Siang hari itu, saat tengah asyik menyantap makan siang di kantin bersama salah satu teman kantor, hp saya berdering. Rupanya ada telepon dari gurunya si bungsu, hmm, langsung sedikit was-was.
Benar juga kecemasan saya, bu guru meminta saya menjemput bungsu karena ia demam. Saya segera menyelesaikan makan siang, lalu pergi menjemput bungsu.
Saat sampai di rumah, baru saja masuk dan hendak menyuruh bungsu ganti baju lalu baring di kasur - sudah ada suara salam dari luar pagar.
Saya intip ada dua ibu-ibu. Dalam hati saya, kok peminta sumbangan gercep amat tau orang baru pulang.
Ooh, ternyata bukan peminta sumbangan, tapi dua ibu pendata Regsosek 2022. Akhirnya saya dapat giliran juga. Mereka segera saya persilakan masuk dan duduk di ruang tamu.
Yang mendata hanya satu orang (memakai nametag), yang satu sepertinya hanya menemani karena tidak memakai nametag dan tidak berkontribusi dalam mewawancara.
Sayang saya lupa menanyakan nama keduanya.
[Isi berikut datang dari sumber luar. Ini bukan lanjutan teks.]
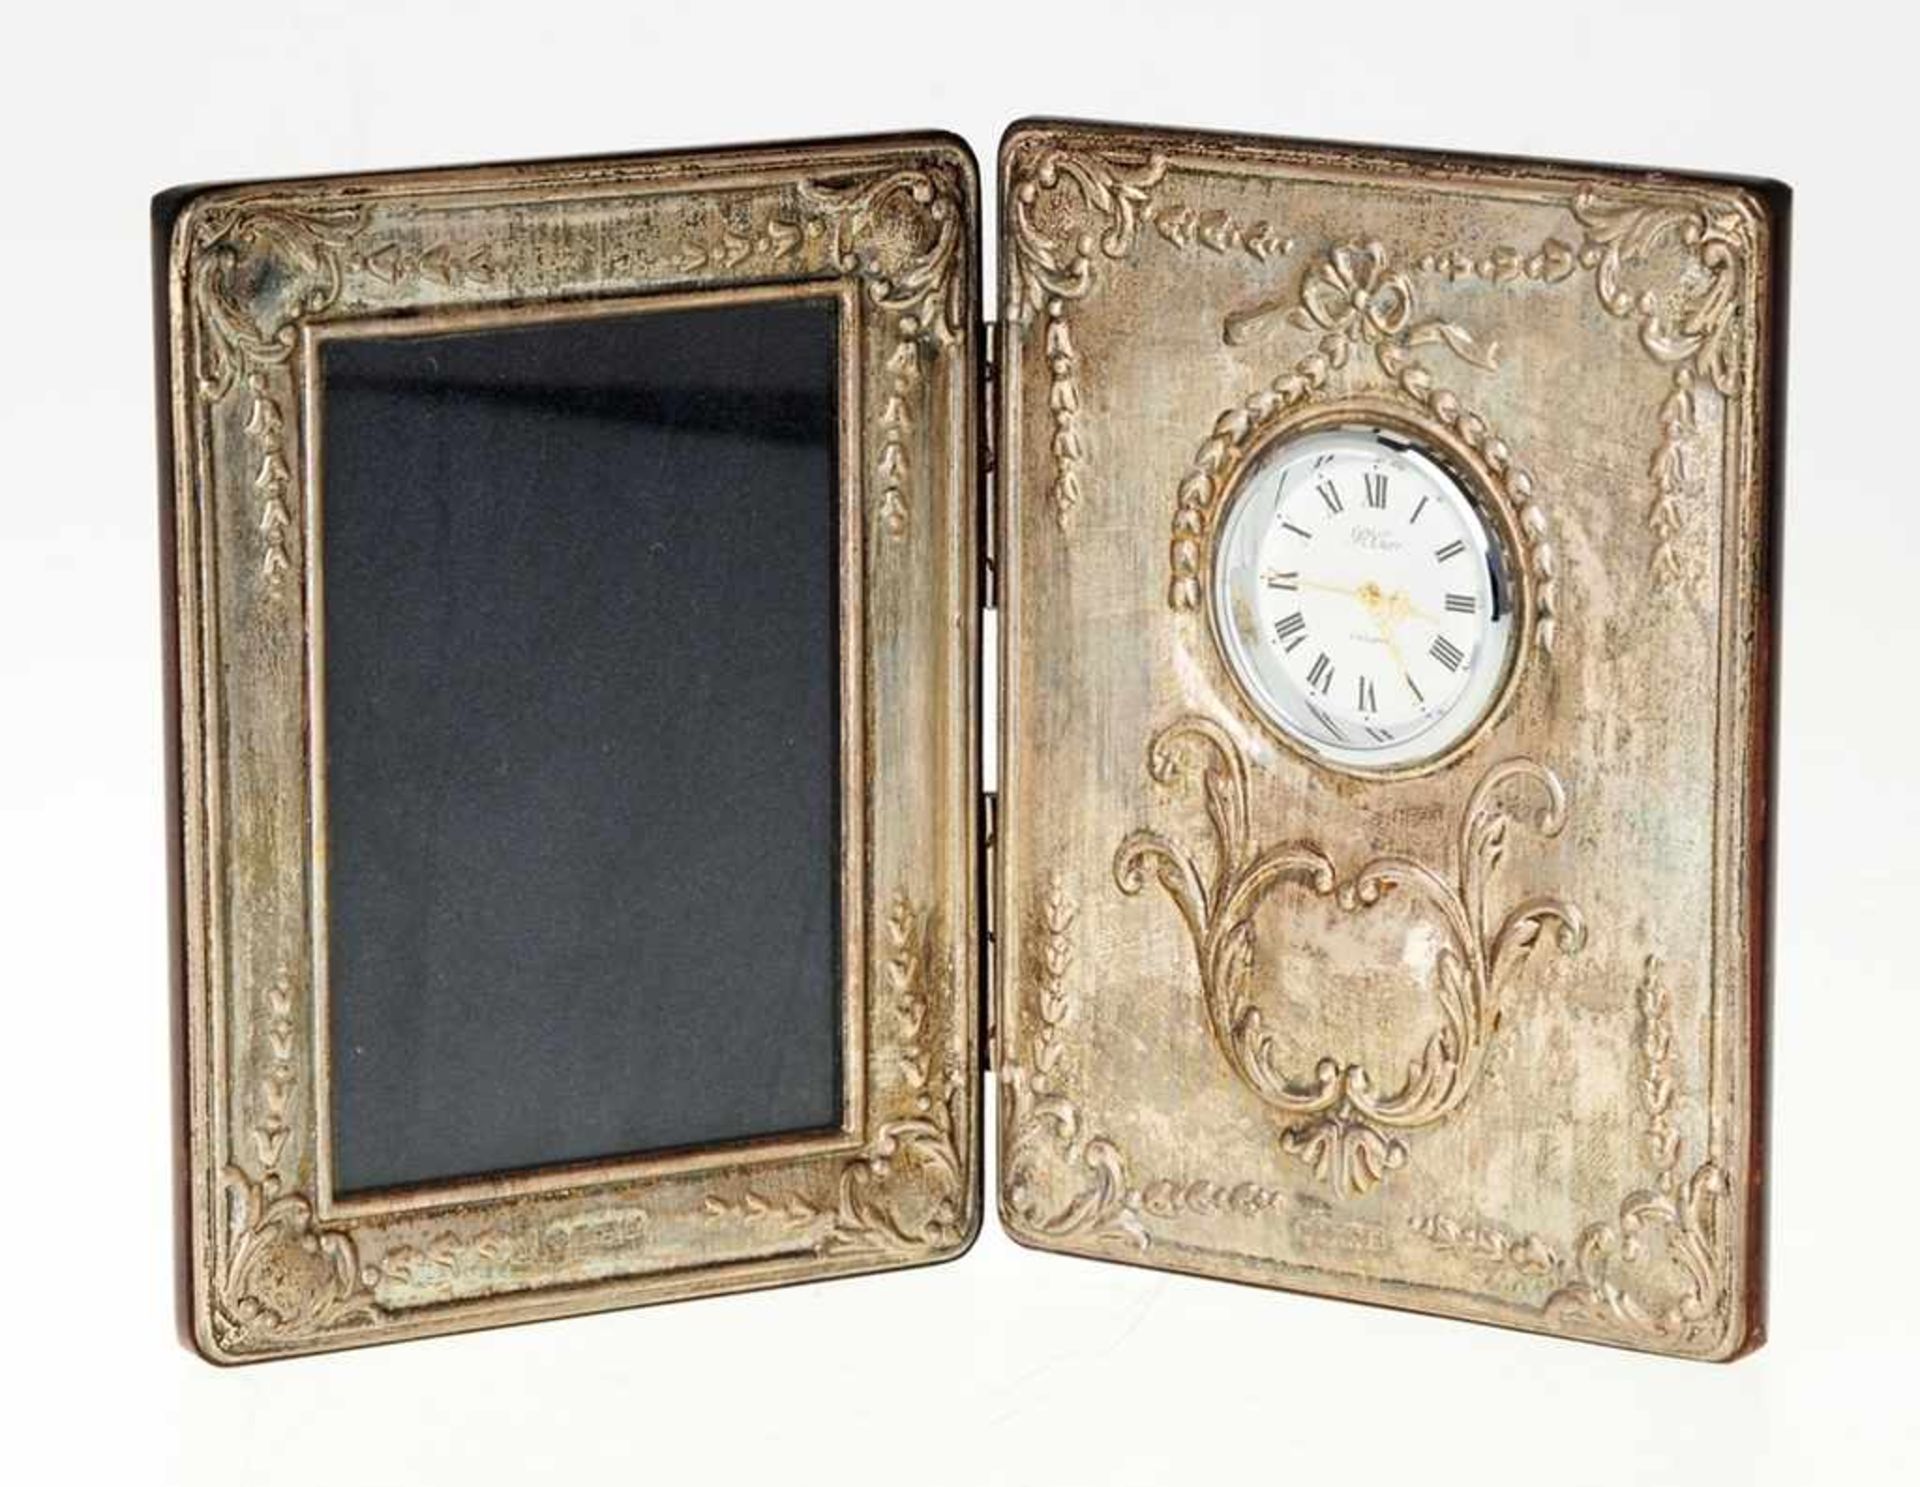 Tischrahmen mit UhrScharnierte Holzflügel mit Photorahmen u. Uhr, schaus. mit floral reliefiertem

Kita sebut saja si petugas bu Wulan, dan temannya bu Sari.
"Ini pendataan dari BPS, kan?" tanya saya.
"Iya, dari BPS," jawab bu Wulan.
"Maksud saya, beneran pegawai BPS atau bagaimana?"
"Saya tenaga lepas yang sudah ditraining BPS untuk kebutuhan pendataan ini, Bu. Saya orang sini saja, tinggal di Blok F," jelas bu Wulan. Lalu ia minta KK saya.
Setelah saya serahkan KK, bu Wulan langsung mengisi formulir yang terdiri dari dua lembar kertas bolak-balik. Sambil mengisi, ia menanyakan beberapa hal.
"Semua anaknya ini tinggal dalam 1 rumah?" tanya bu Wulan
"Tidak. Anak sulung saya di pesantren. Tidak perlu didata?" jawab saya sekaligus bertanya lagi.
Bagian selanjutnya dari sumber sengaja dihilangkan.